Which of the series in Exercises 1–36 converge, and which diverge? Give reasons for your answers. $$ \sum_{n=1}^{\infty} \frac{1}{n \sqrt[n]{n}} $$

Short Answer

Expert verified
The series converges since it resembles the convergent p-series \( \sum \frac{1}{n^2} \).

Step by step solution

01

Write the General Term

The general term of the series is given as \( a_n = \frac{1}{n \sqrt[n]{n}} \), where \( n \) is a positive integer starting from 1.
02

Simplify the General Term

Recognize that \( \sqrt[n]{n} = n^{1/n} \).
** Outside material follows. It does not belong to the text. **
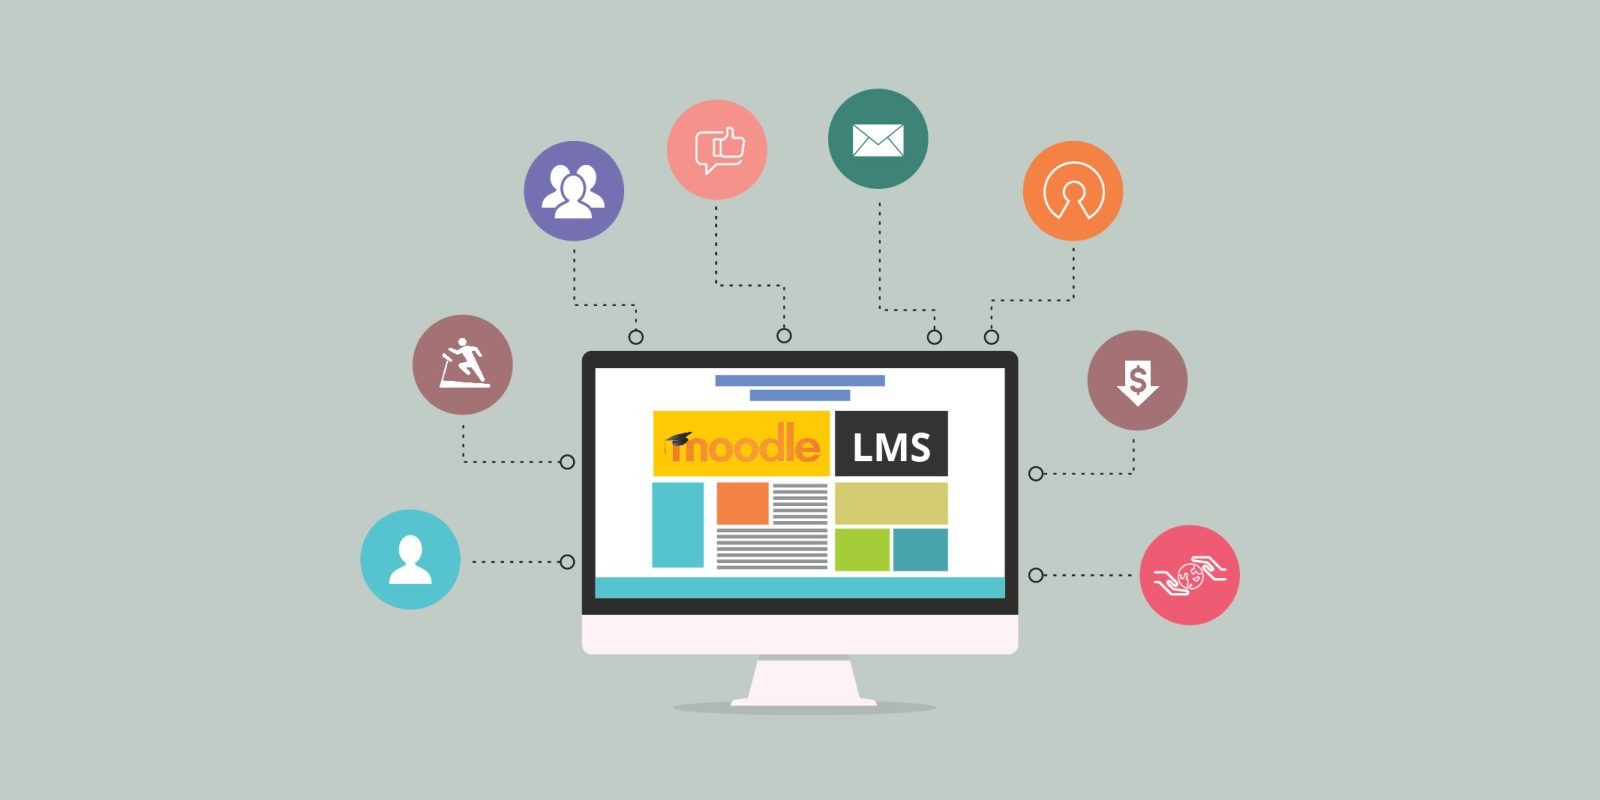 8 Popular Features of Moodle LMS for Corporate Training You Should Know

Hence, the term becomes \( a_n = \frac{1}{n^{1 + \frac{1}{n}}} \).
03

Apply the Limit Comparison Test

For large \( n \), the value of \( n^{1/n} \) approaches 1. Therefore, \( a_n = \frac{1}{n \cdot n^{1/n}} \approx \frac{1}{n^2} \) for large \( n \). Compare this with the p-series \( \sum_{n=1}^{\infty} \frac{1}{n^2} \), which converges because \( p = 2 > 1 \).
04

Conclusion Using Limit Comparison Test

Because the general term \( a_n \) of our series behaves like \( \frac{1}{n^2} \) for large \( n \), and since the p-series \( \sum_{n=1}^{\infty} \frac{1}{n^2} \) converges, the given series also converges.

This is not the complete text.